Barry Bonds has been the face of baseball now for five years. With a record-breaking 73 home runs in 2001, a record-shattering 232 walks in 2004 and four straight MVP awards, Bonds’ resum‚ in the 21st century speaks for itself.
Bonds’ fame, however, is mostly due to the constant allegations of steroid use that are directed at him. With the recent release of “Game of Shadows,” it’s becoming more and more probable that Bonds did in fact use performance enhancing drugs. Ken Caminiti and Jose Canseco admitted to doing the same. Rafael Palmeiro and Ryan Franklin tested positive as well. Yet the controversy always comes back to Bonds. Why? Because he is quite possibly the best player to ever play the game.
Prior to 2001, Barry Bonds had never hit 50 home runs in a season. Prior to 2001 Bonds had never topped .700 in slugging percentage. Perhaps Bonds was too busy winning eight gold gloves, making seven straight all-star teams, stealing over 30 bases nine times and winning three MVPs. Bonds was a star, a first ballot hall-of-famer, and then came 2001.
In 2001 Bonds did something no one thought was possible. He had a season like no other player in the history of baseball, hitting 73 home runs with a batting average of .328 and a mind boggling slugging percentage of .863. Bonds became colossal, a man amongst boys. He had reached a level that no baseball fan thought was possible. Then we found out that he probably cheated.
As Bob Costas told my Sports, Media and Society class, when the Senate gets involved in a scandal, we hear about it for a day and move on. When the president gets involved, it’s the media event of the decade. In baseball, Bonds is Richard Nixon and steroids are Watergate. Consider Ryan Franklin and Alex Sanchez as rookie senators from obscure states. As Costas pointed out, Bonds’ place in baseball lore makes him the face of the story and thus he is the one that faces the most scrutiny.
I think, though, that there is a bigger reason for why Bonds takes so much heat: it’s because he is obviously lying. Bonds claims he ‘unknowingly used’ the ‘clear’ substance from BALCO. Founder Victor Conte claims Bonds is “full of lies.”
Every baseball fan in America with the slightest ability to put two and two together knows Bonds is lying. Mark McGwire stood up and testified in the Congressional hearings with regard to steroids and constantly repeated, “I’m not here to talk about the past.” In other words, Big Mac is guilty, he knows it, but he doesn’t want to talk about it. Most baseball fans pity McGwire, shake their heads and say “He’s such a good guy.” Bonds is a liar, he’s unlikable and perhaps worse, he just started his own reality TV show.

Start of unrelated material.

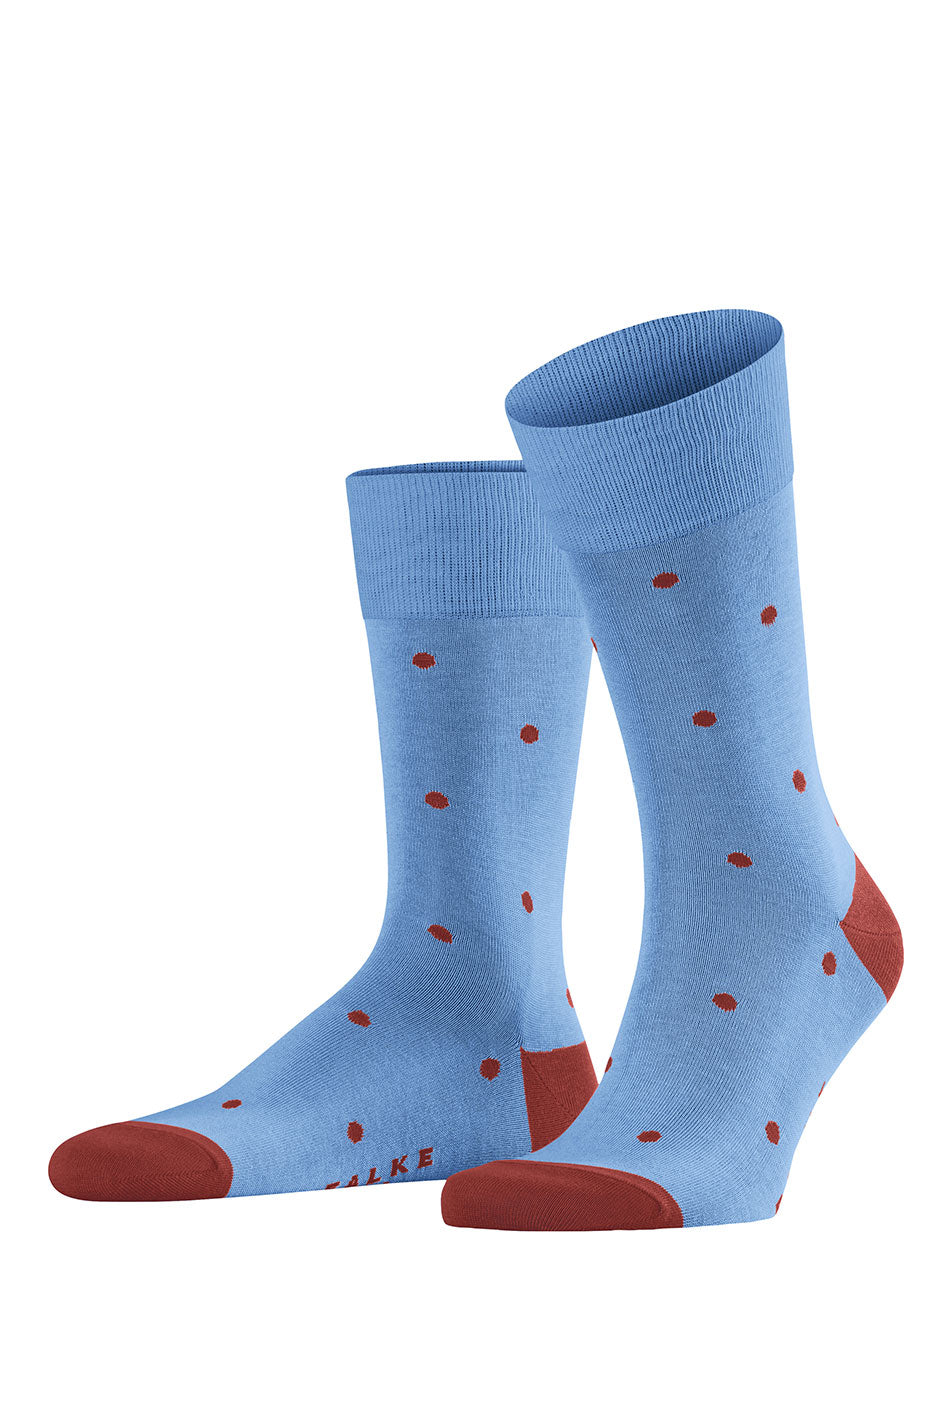 Falke Dot Men's Socks

We hate Bonds because he’s a jerk. We hate Bonds because he claims that it is racism that causes people not to want him to break the home run record (when, the last time I checked, the record was held by a black man). And most of all, we hate Bonds because it is easy. He is the most easily hated person in professional sports. A rude, obnoxious athlete who is lying about destroying the integrity of the game is the perfect poster child for the most despised athlete in sports.
The debate will intensify in the next few weeks over whether Bonds’ record should stand or if he should be elected to the Hall of Fame. Personally, I don’t care. An asterisk does not need to be in print for fans to know his numbers are tarnished. His plaque need not be held out of Cooperstown for fans to know he doesn’t deserve to be there. Bonds will forever be labeled a liar, a cheat and a credent. It’s so easy to hate him and that’s why everyone does.